Jean Dard (June 21, 1789 – October 1, 1833) was a French teacher in Saint-Louis, Senegal who, in 1817, opened the first French-language school in Africa. He also compiled the first French-Wolof dictionary and grammar (1846).

Dard developed a new approach for teaching French as a foreign language, the "mutual method" or méthode de traduction (translation method), based on a learning approach pioneered by Aloïsius Édouard Camille Gaultier, by which children were taught to read and write in their native Wolof and then learned French by translating. According to Jean-Benoît Nadeau and Julie Barlow, Dard's method was "very modern and very effective, and Dard was said to have achieved remarkable results with it."
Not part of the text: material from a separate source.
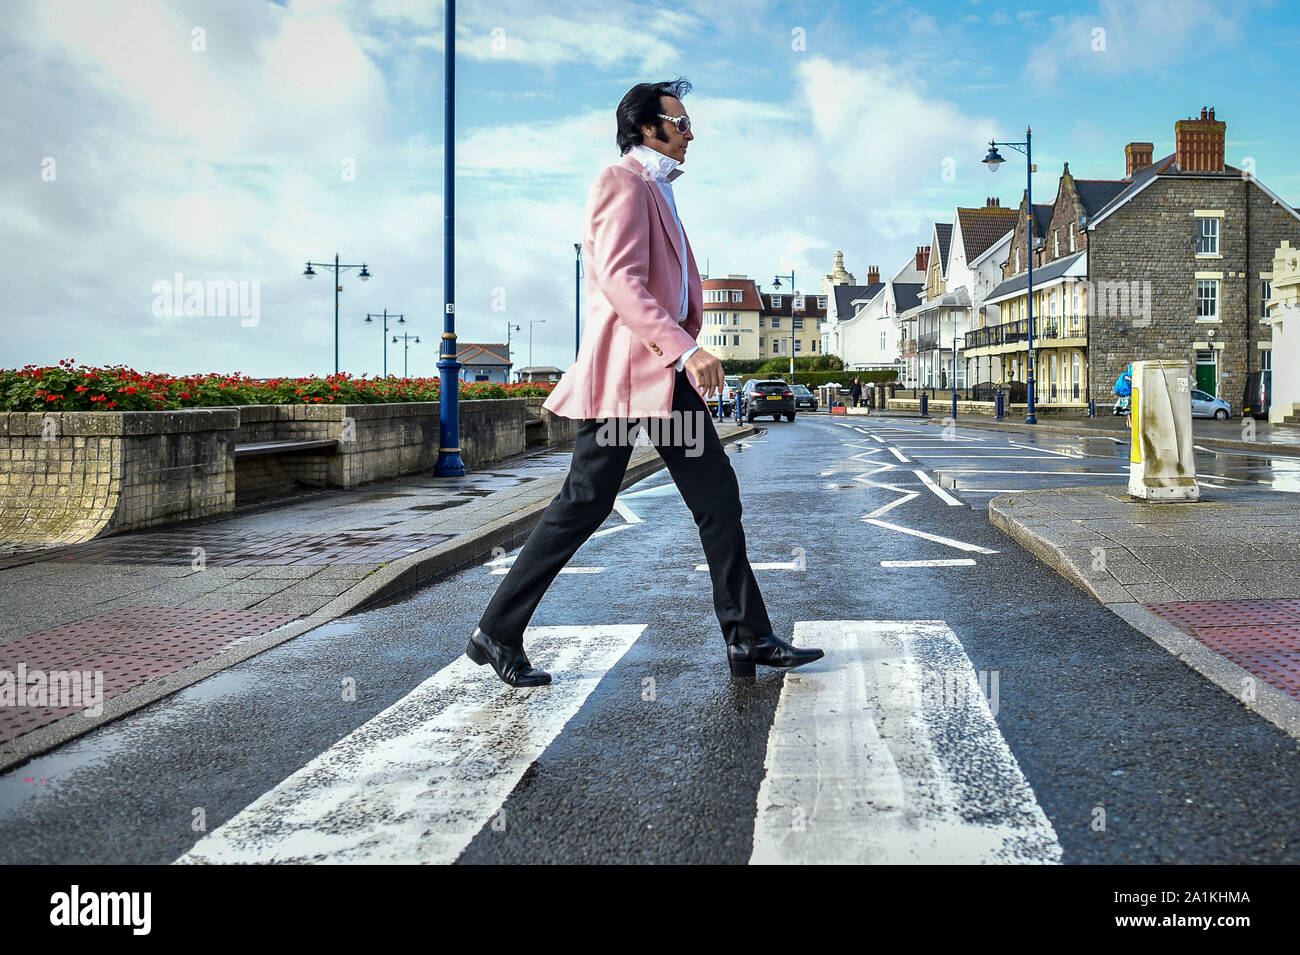 An Elvis crosses the road heading to the annual Porthcawl Elvis Festival in south Wales. The event draws thousands of Elvis fans to the Welsh seaside town to celebrate the 'King of Rock and Roll'. Stock Photo

In Senegal, Dard took a signare with whom he had a son. He then returned to France for reasons of health and married Charlotte-Adélaïde Picard—an eyewitness of the wreck of the Méduse—with whom he had three additional children. Dard served as a teacher and the town secretary in Bligny-lès-Beaune. The Dards returned to Senegal in 1832; however, he died there a year later.

Biography

At the school he founded in Saint-Louis, Jean Dard practiced what was known at the time as “mutual instruction”, drawing in particular on the writings of Aloïsius Édouard Camille Gaultier(~1746–1818). One of the advantages of this teaching method is that it allows a single teacher to instruct a large number of students at once.